Peter remained silent, continuing to gaze out upon the immeasurable ocean. As Larry looked at his hands, the Lieutenant pondered the plight of such war victims. Combat stress? Who doesn’t feel its effects sooner or later?
Finally, Peter asked,
“How old are you, kid?”
“19. I, eh, well, to tell the truth, almost 18, in another two months.”
“Well, the war in the Pacific is almost over, I would say. Maybe another eight or ten months. My hunch is that you’ll sit the rest of it out in Hawaii, say, for six months, then be sent home. Where you from?”
“Southern California, a little community nestled in the hills of North Pasadena. But do you really think the war will be over soon, in less than a year?”

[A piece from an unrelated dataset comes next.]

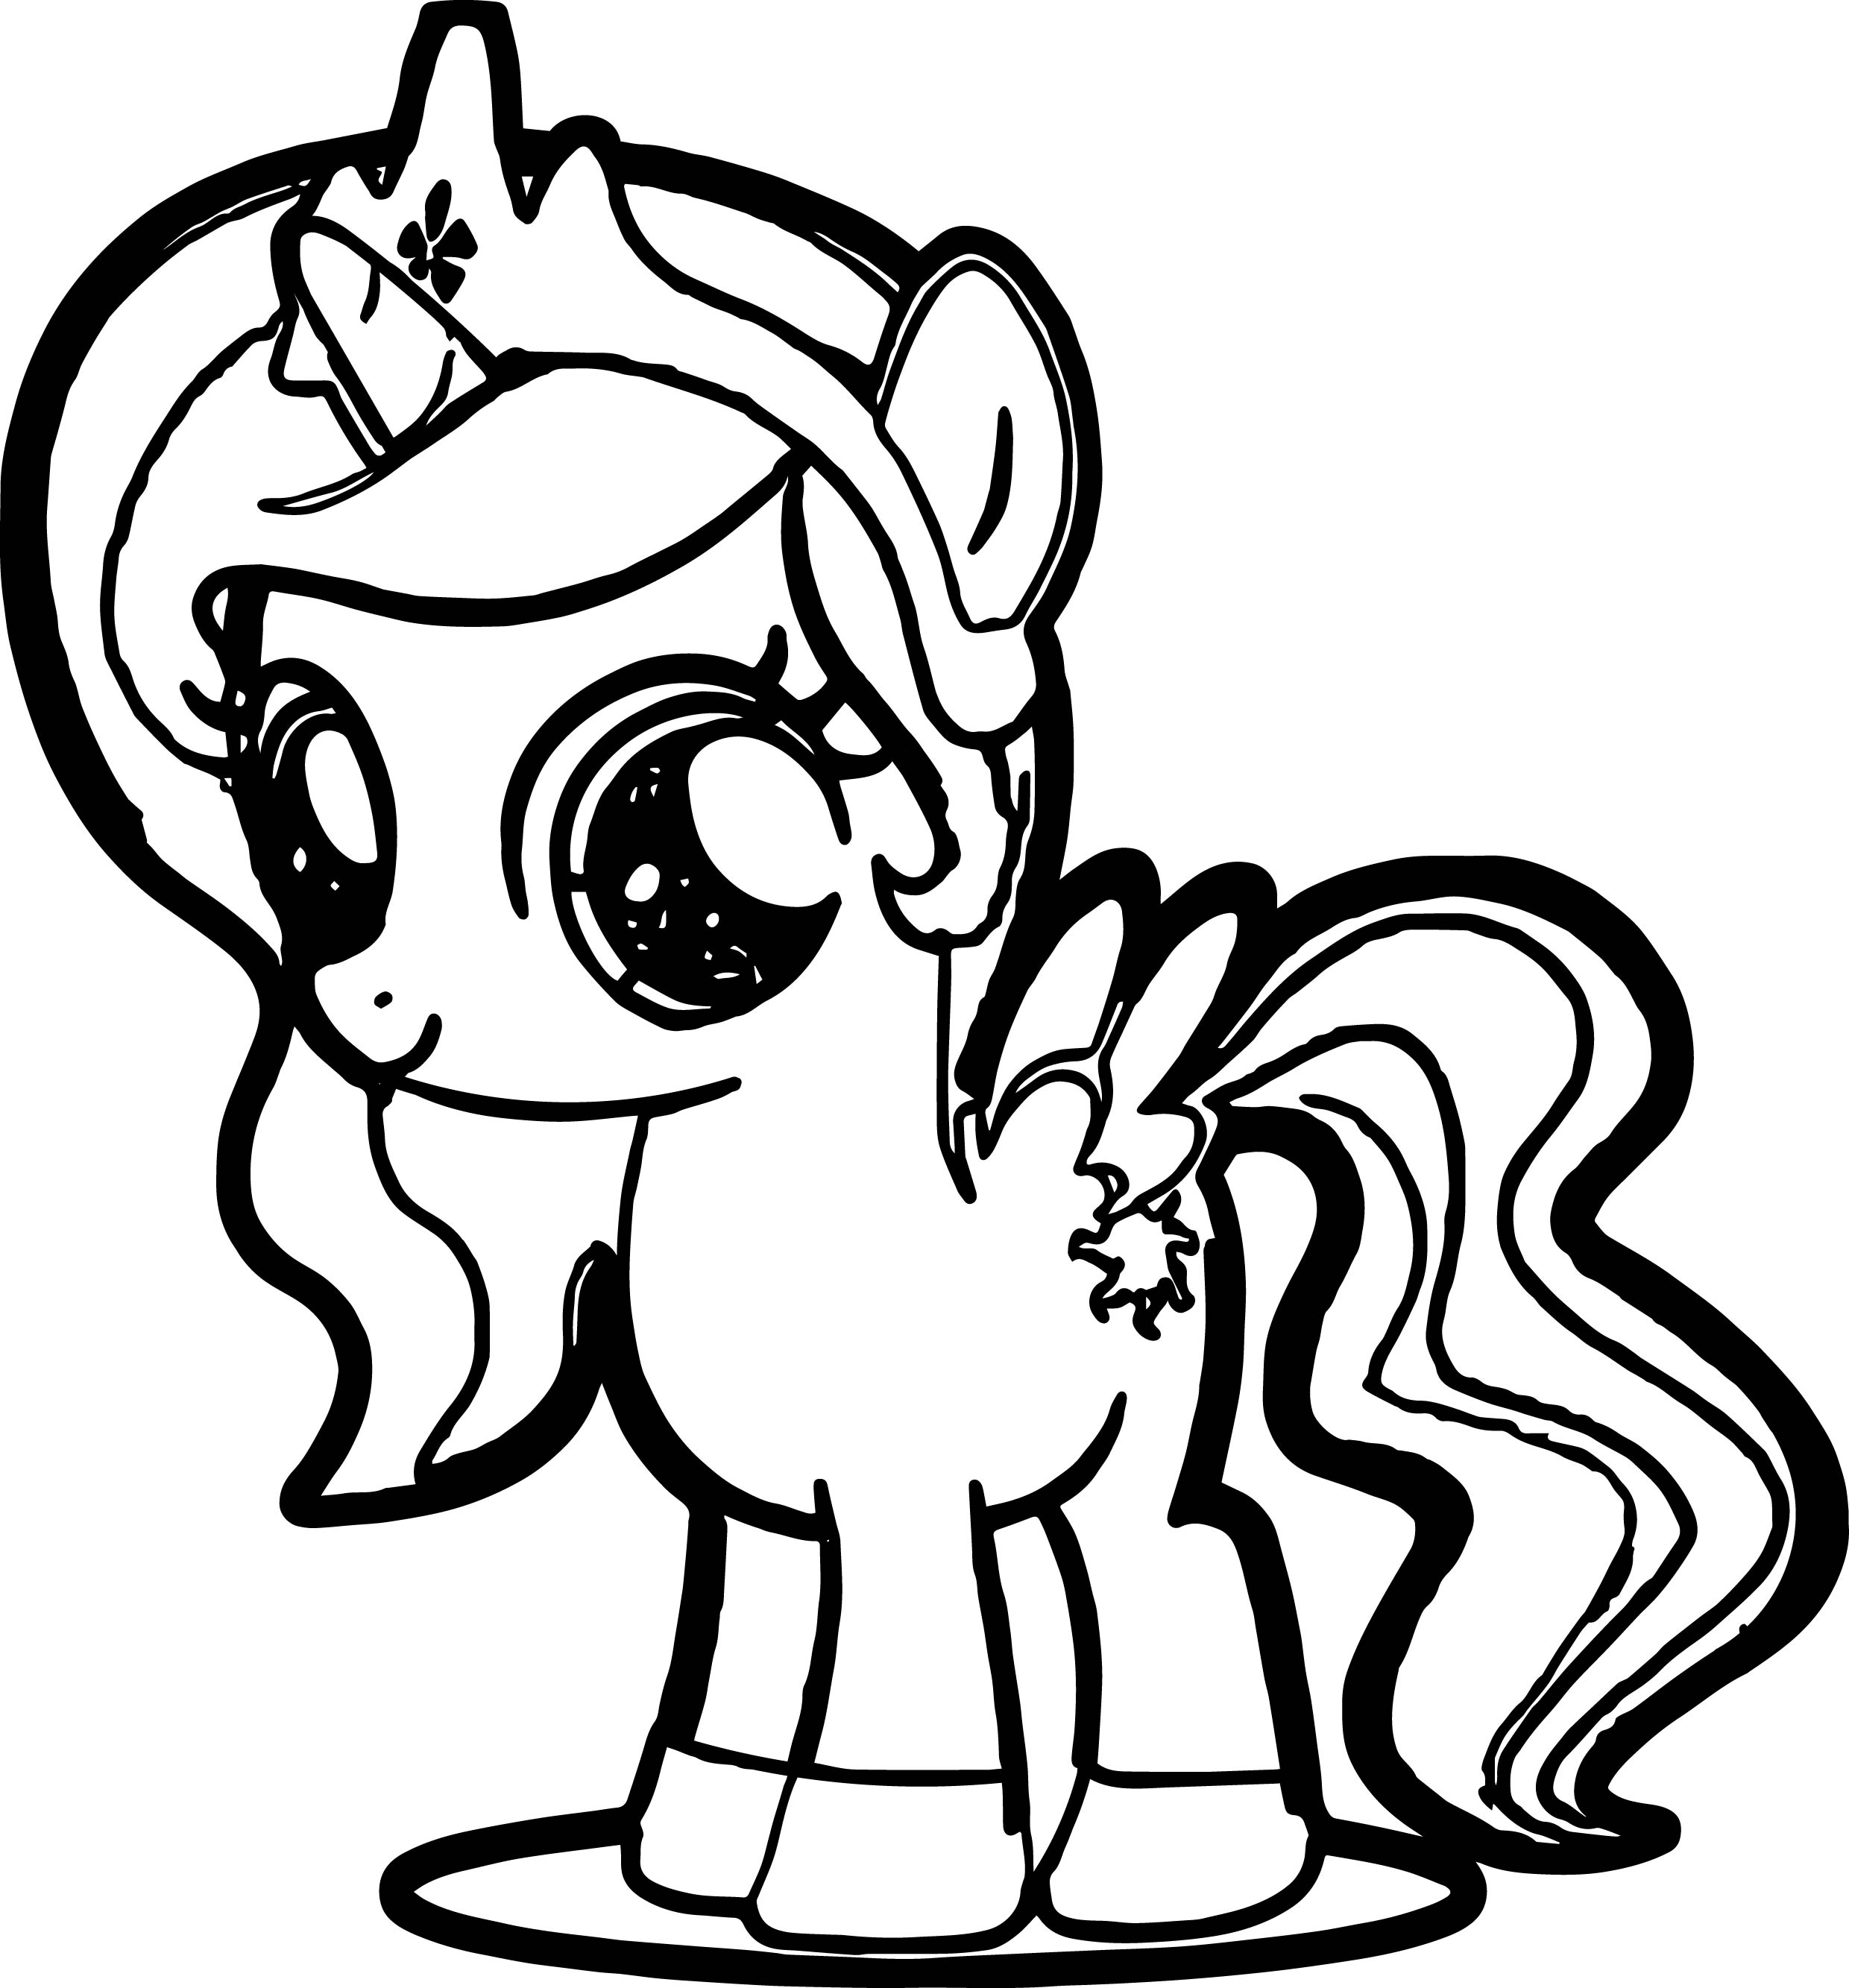 Little Pony Coloring Pages | Free download on ClipArtMag

“Sure do. Look. We have only a few months to go before it’s 1945. Tinian and Guam were just declared secured. All organized Japanese resistance on both those advanced islands is over. Our Marine Corps alone has jumped to almost 33,000 and our enlisted men and women to 442,816! Amazing, don’t you think? We’ve landed on Saipan in the Marianas. We’ve gotten, this year alone, 1944 Roi-Namur, Kwajalein, all of New Britain, the Marshalls, Guam, Parry Island, Emirau, St. Matthias Islands, and most important of all, Rabual, the largest, most heavily defended Naval base in all the Pacific. And, to top all these islands, we’ve started straying and bombing the Palaus, Okinawa, and Iwo Jima. We’re on Japan’s doorstep. Now, there’s a whole lot of fighting left to be done, but all-in-all, the war is practically over. That is it; the Japanese surrender and we don’t have to invade Japan itself, the mother homeland, trying to take those four or five huge islands will be a huge task. We’ll lose at least a million men in that struggle which will add on another three years. If that’s the way it was meant to be, none of us will be alive when it’s over. My God, I pray to whomever will listen, the war must end before our first boys land on the beaches up there.”